Anaheim has undergone its own evolution. In 2016, the City Council expanded from five to seven seats. The six council members are now elected by district; the mayor is still elected citywide. Last year, four seats were up for grabs, more than any previous election. The change came after the American Civil Liberties Union filed a lawsuit alleging the prior at-large election structure discriminated against Latinos, who make up 53% of the population.
Poverty, declining income, and rising crime are all contributing to a creeping restiveness. The city’s crime rate, after dipping earlier this decade, increased 14% from 2014 to 2016, according to data from the FBI. It has risen 1% since 2000.
Several Anaheim residents said they want more of the city’s tax revenue spent on making neighborhoods safer and tackling homelessness — a mushrooming problem that has drawn headlines as a large encampment of people has formed near Angel Stadium. The City Council voted unanimously in mid-September to declare a state of emergency on homelessness.
“I’m lucky I live [near] Disneyland Resort — it is nice and clean. But it’s not really representative of what Anaheim is,” said activist Luisa Lam. “The council before always kept giving and giving to Disney.… Honestly, I felt that we were spiraling out of control.”

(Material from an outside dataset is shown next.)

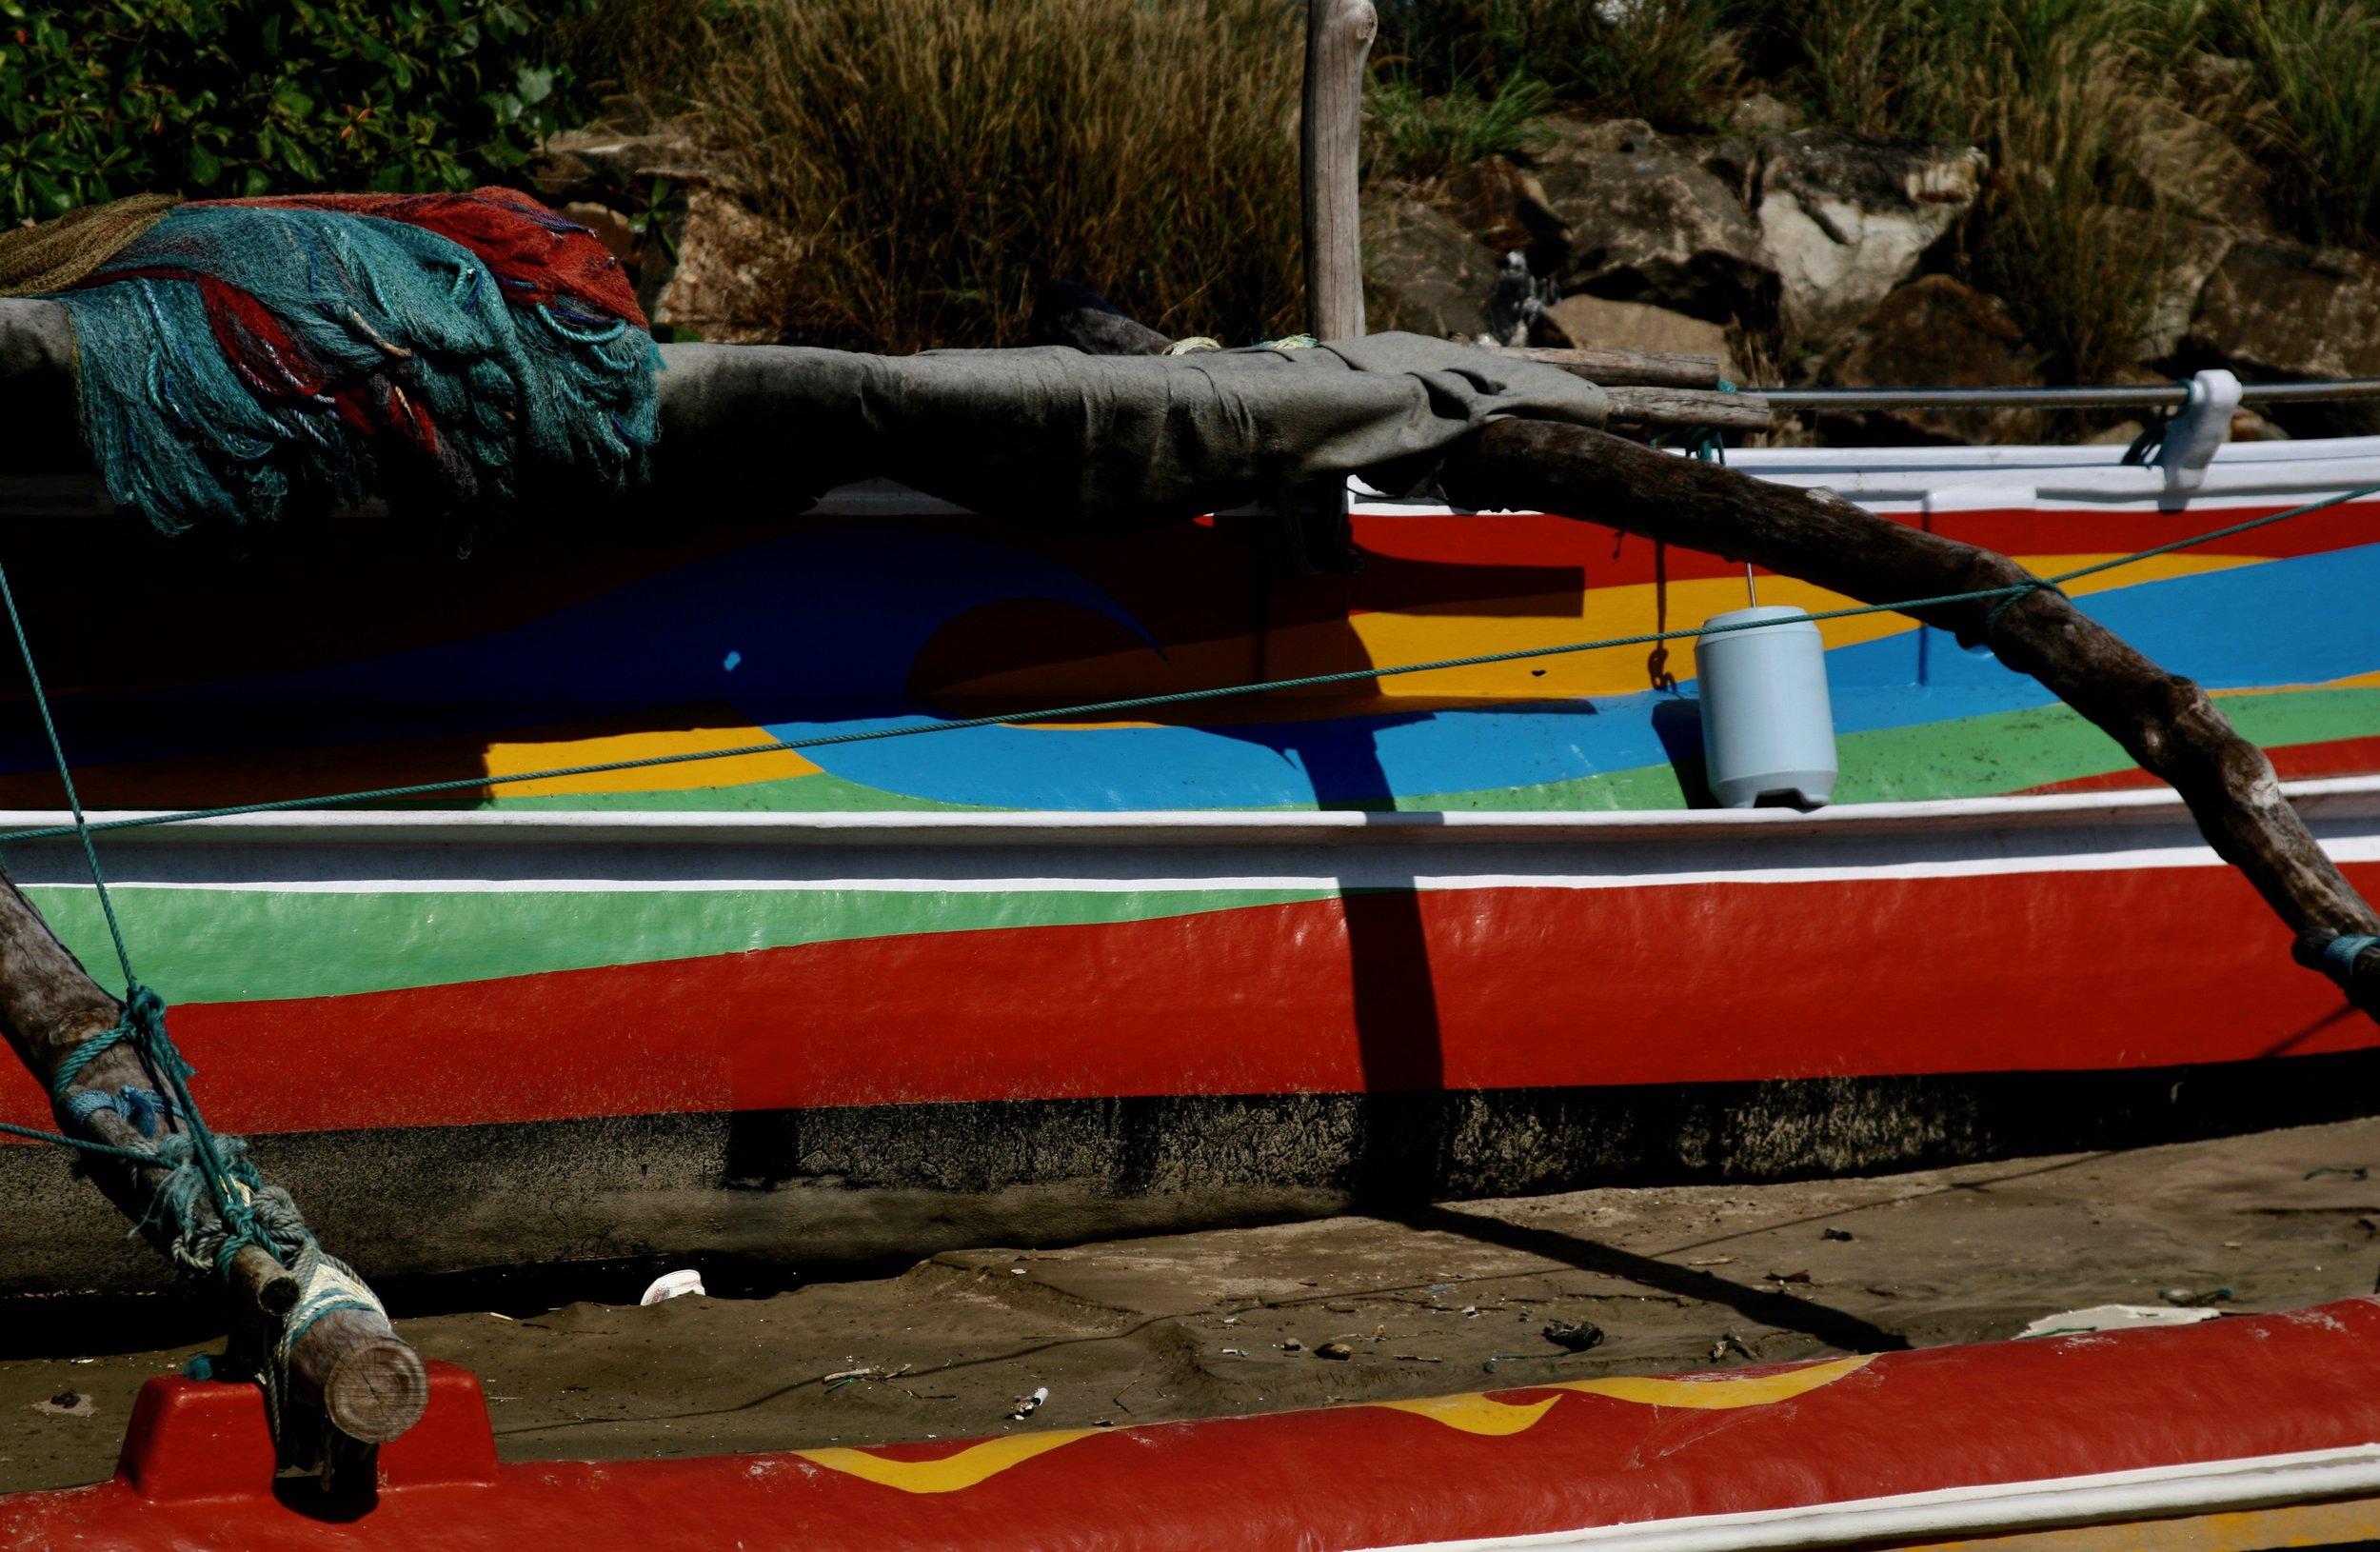 Things-Galle-Boats 2.jpg
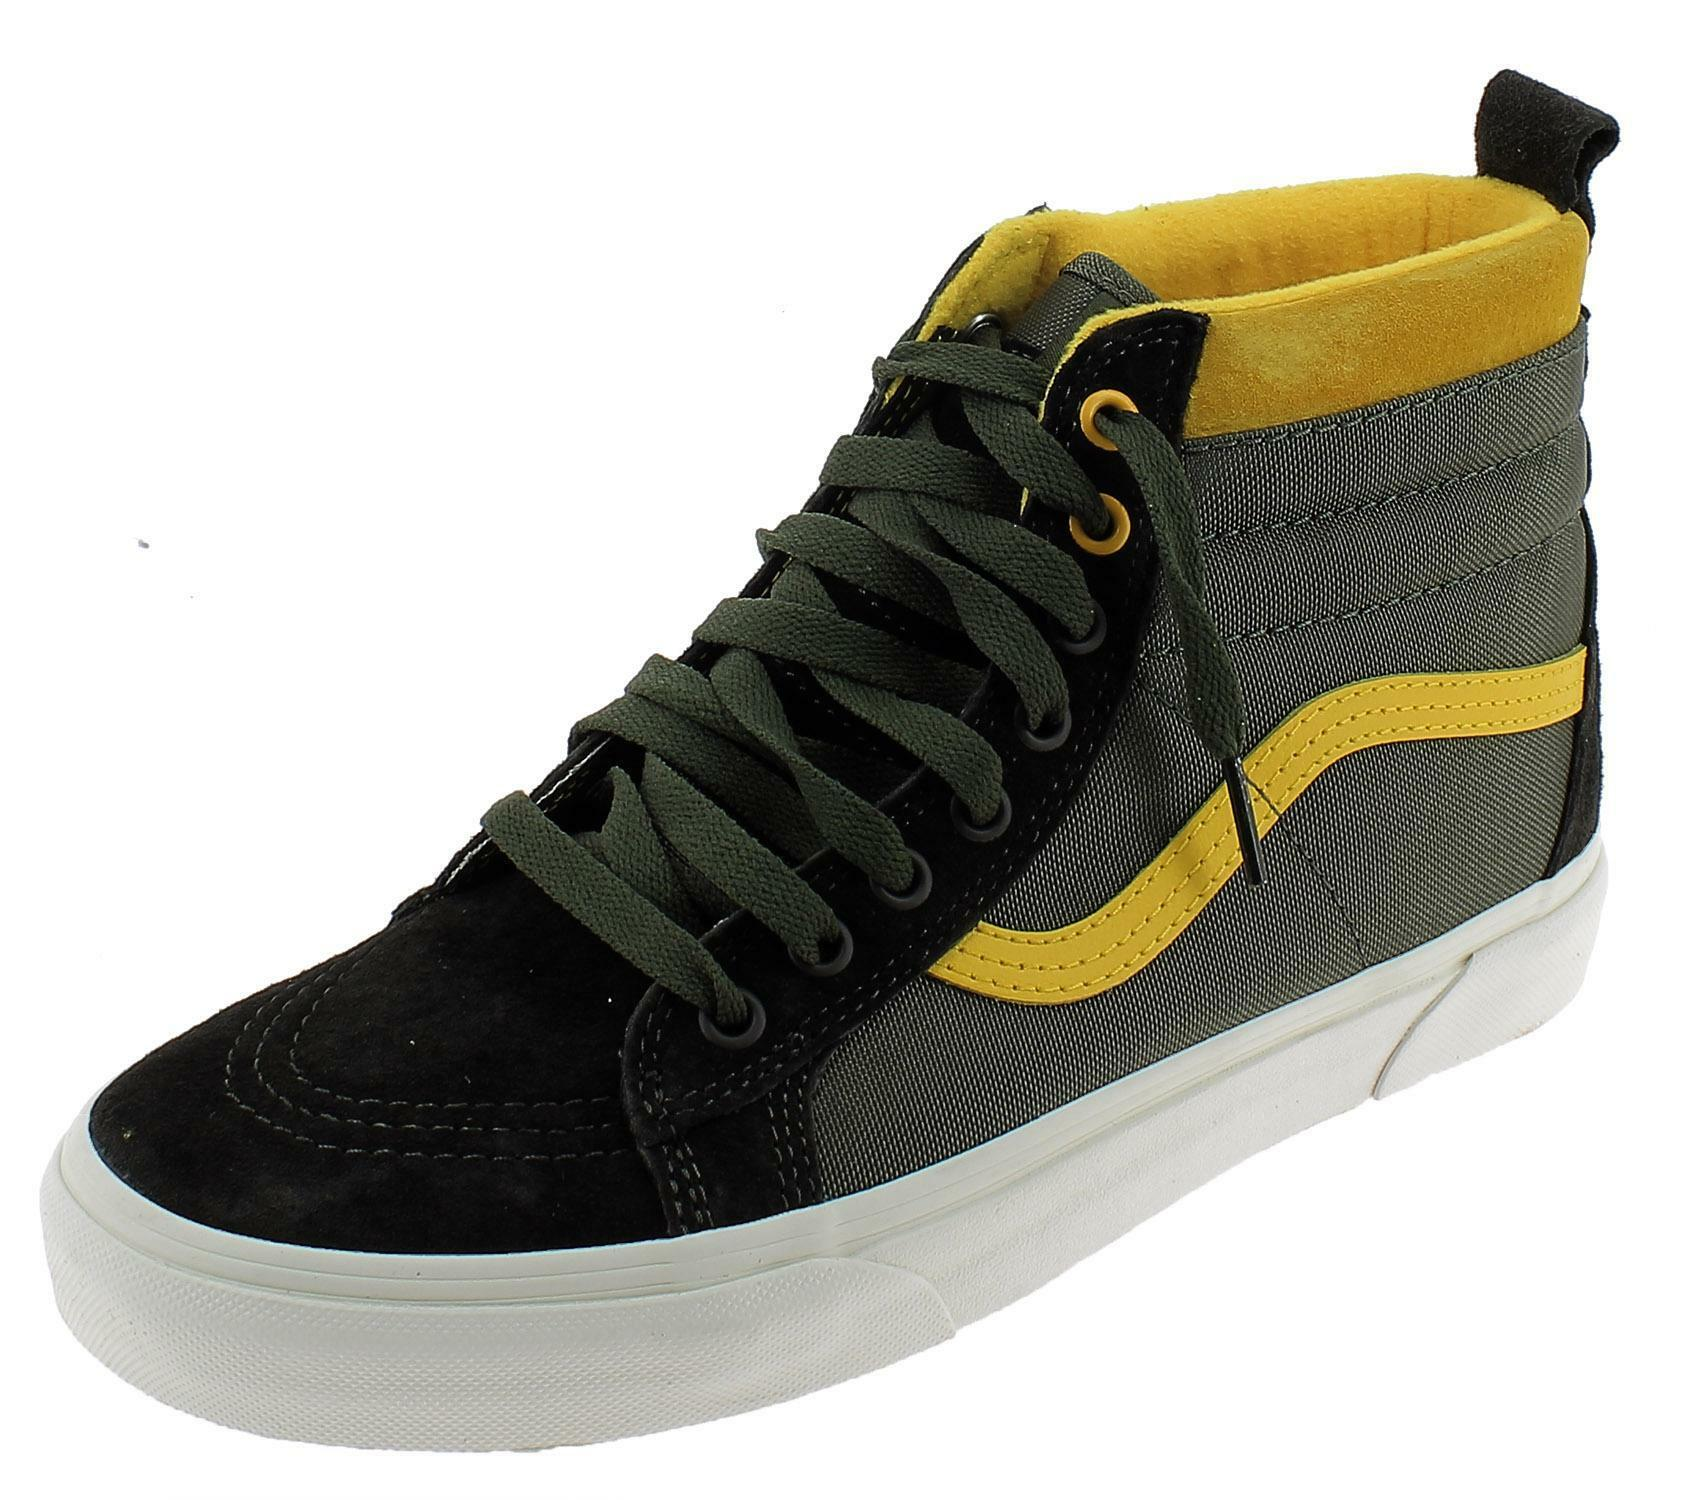 Vans sk8-hi mte scarpe sportive uomo verdi vn0a4bv72uo1

Not far from Disneyland, a tall stone wall exemplifies the divide in Anaheim.
It runs along a section of East Gene Autry Way, a pristine thoroughfare lined by rows of manicured palm trees and gold-capped street lamps. The street is in the Anaheim Resort District, a 1,100-acre area created by the city after it issued $510 million in bonds to pay for infrastructure and projects, including an expansion of the city’s convention center and a parking garage for Disneyland Resort. Disney’s property, with its two theme parks, hotels, and retail area, is the crown jewel of the district.
But just on the other side of the wall is the working-class Wakefield neighborhood, better known as the turf of the Boys From the Hood, a notorious local gang. It’s not part of the resort district.
On a recent visit, former City Council candidate Arturo Ferreras, who was defeated by a Disney-backed incumbent last year, pointed out the area of a trash- and the graffiti-saturated alley where police shot and killed a man in 2012.
“You don’t go here during the night,” he warned.